Assignment
Copy every line of the data below exactly as given, except for the pictures.

___ Data section ___

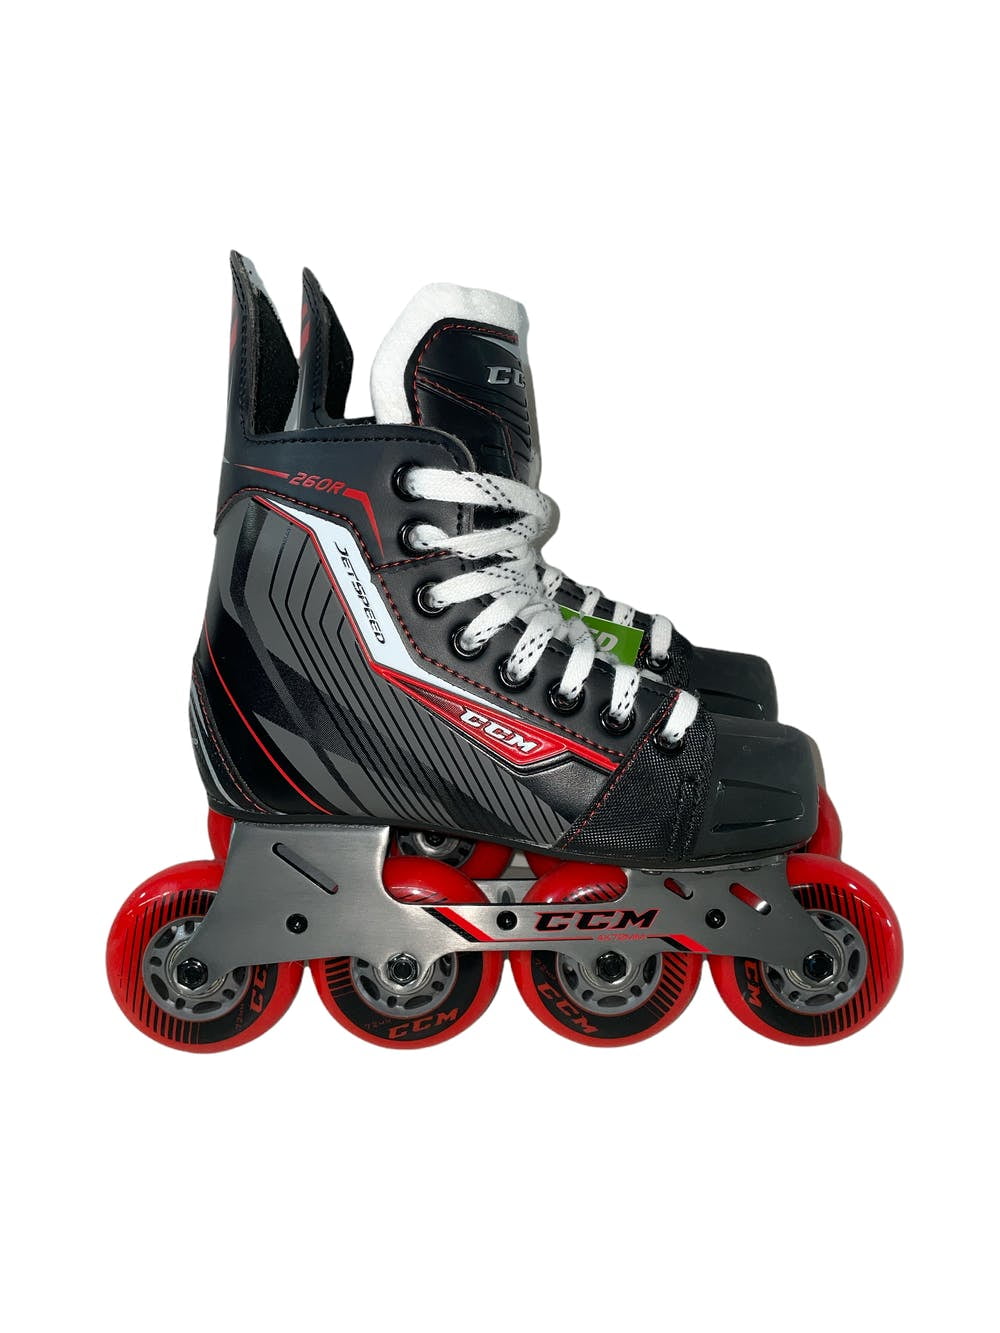 Used CCM Roller Hockey Skates Size 1
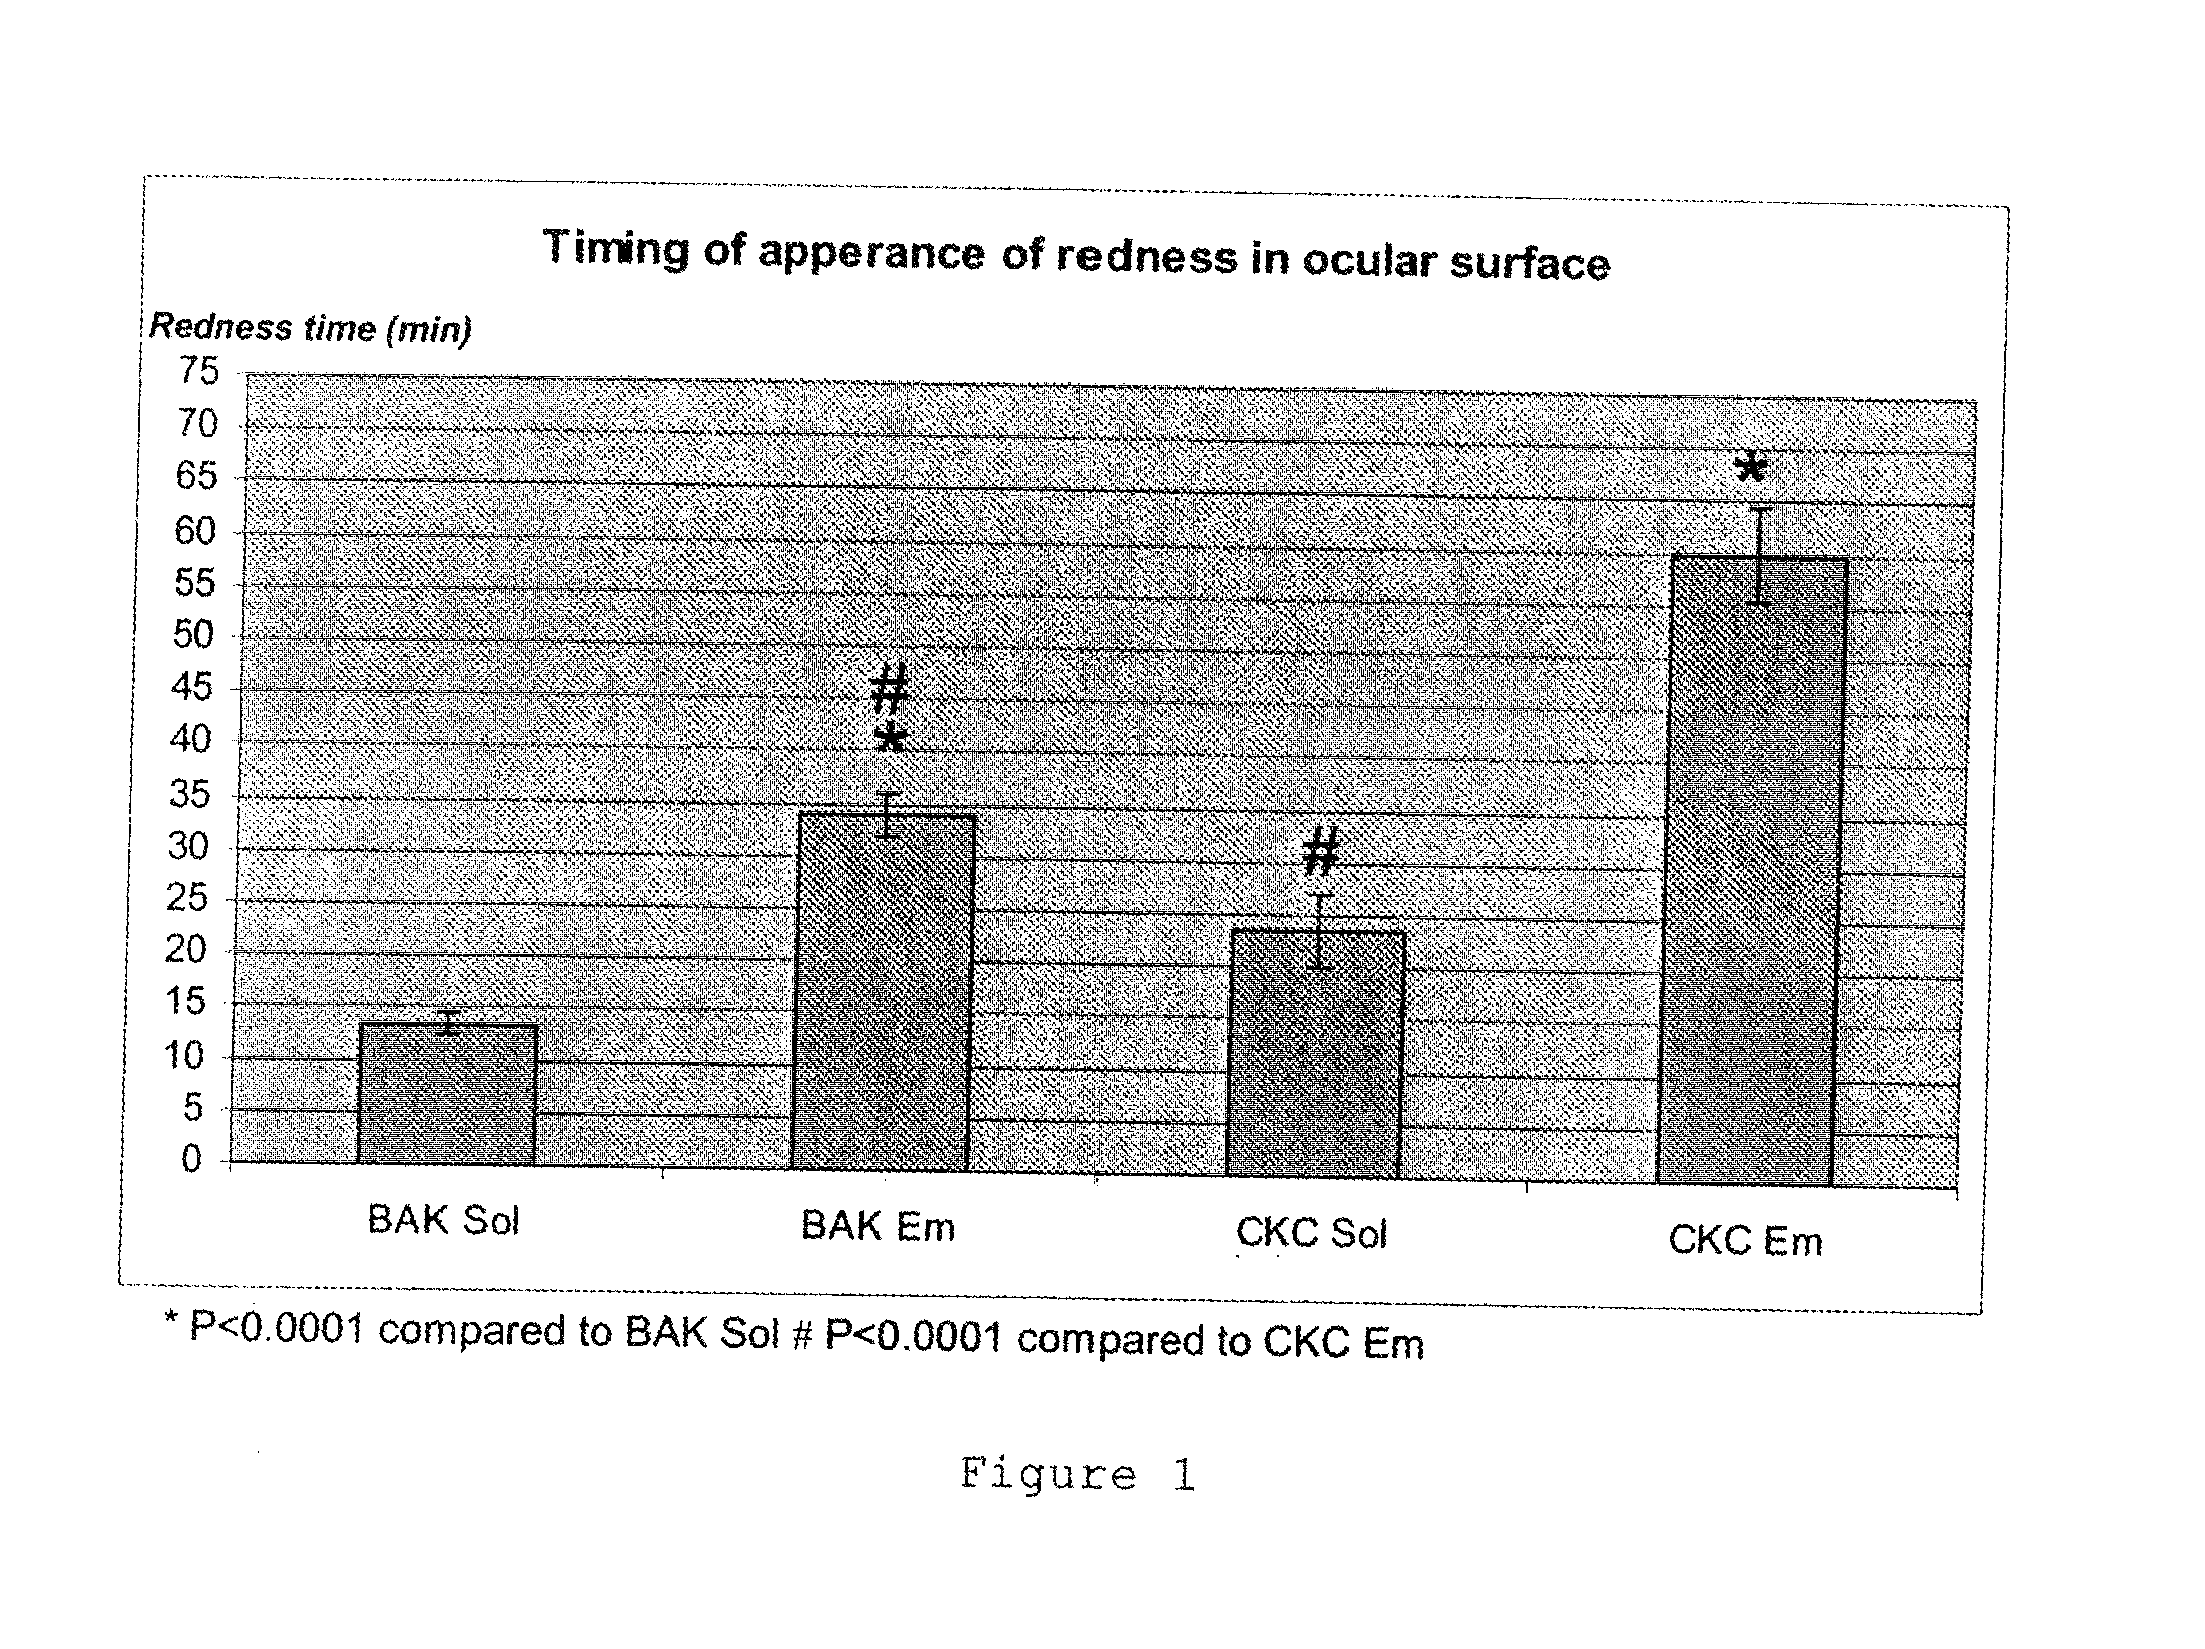 Compositions containing quaternary ammonium compounds
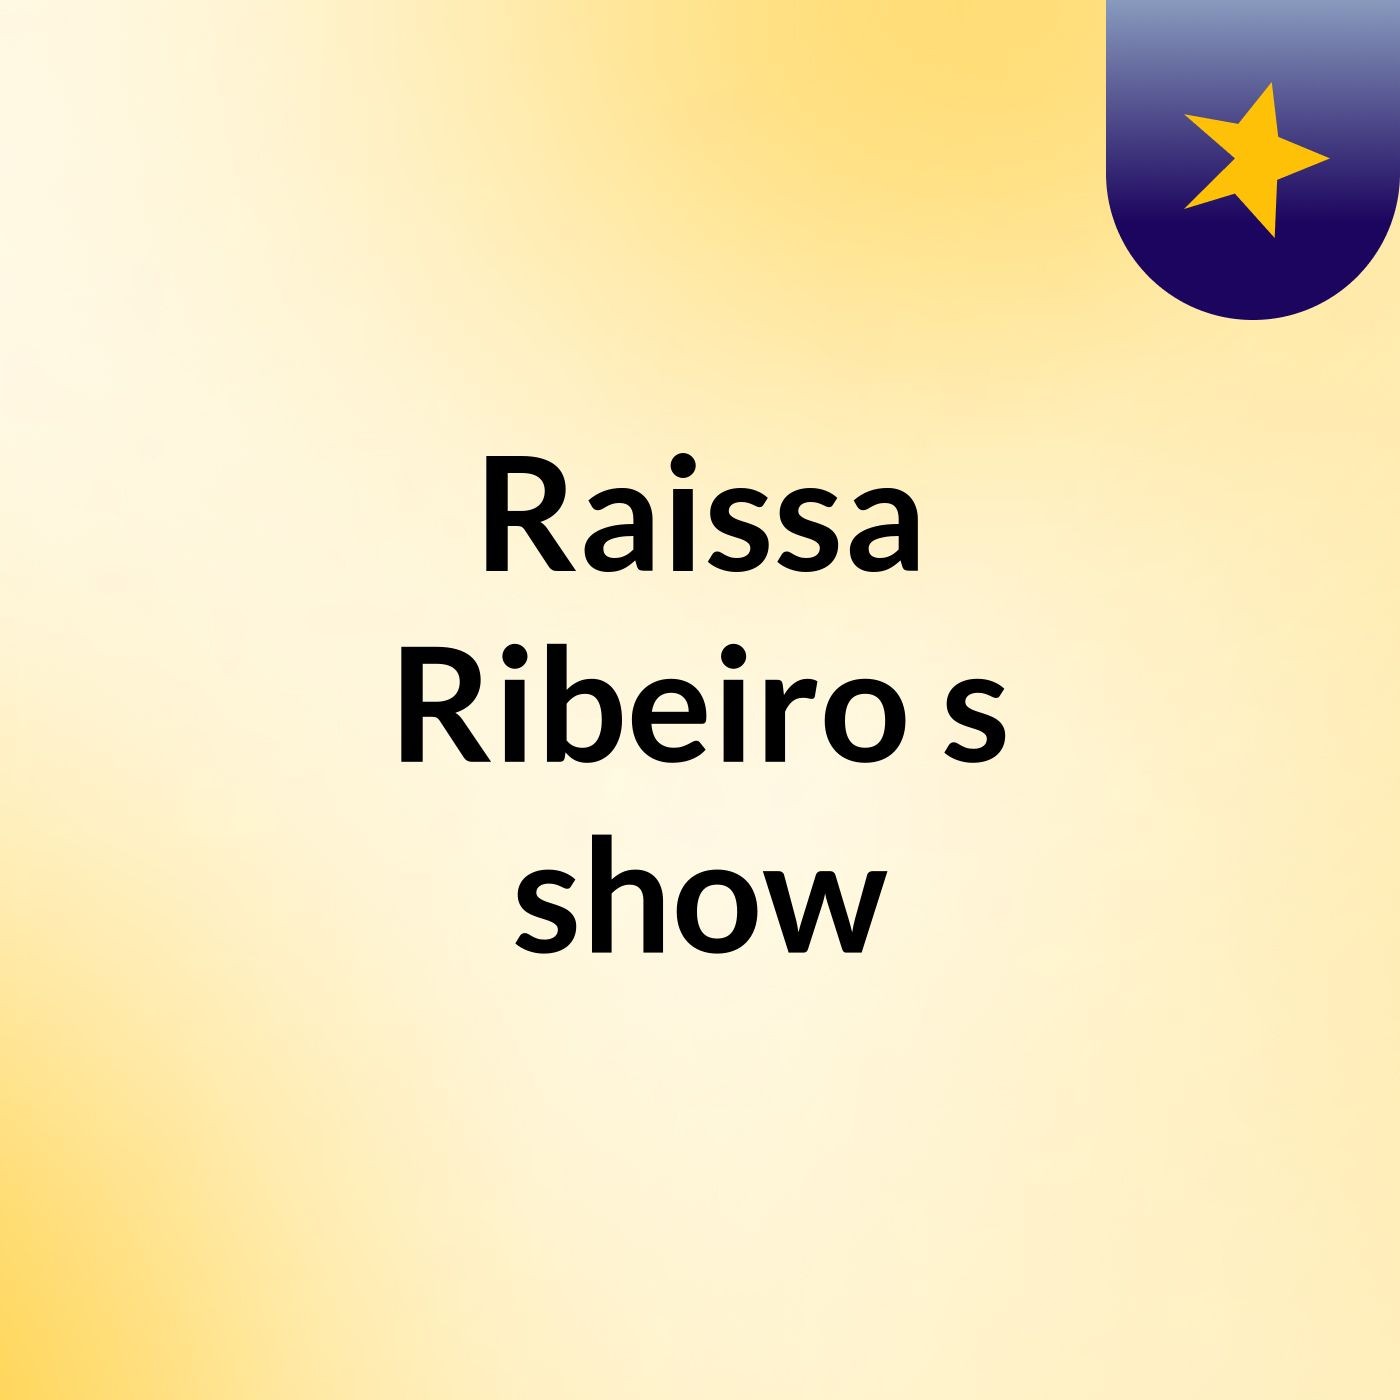 Raissa Ribeiro's show

___

Written answer
 Used CCM Roller Hockey Skates Size 1
 Compositions containing quaternary ammonium compounds
 Raissa Ribeiro's show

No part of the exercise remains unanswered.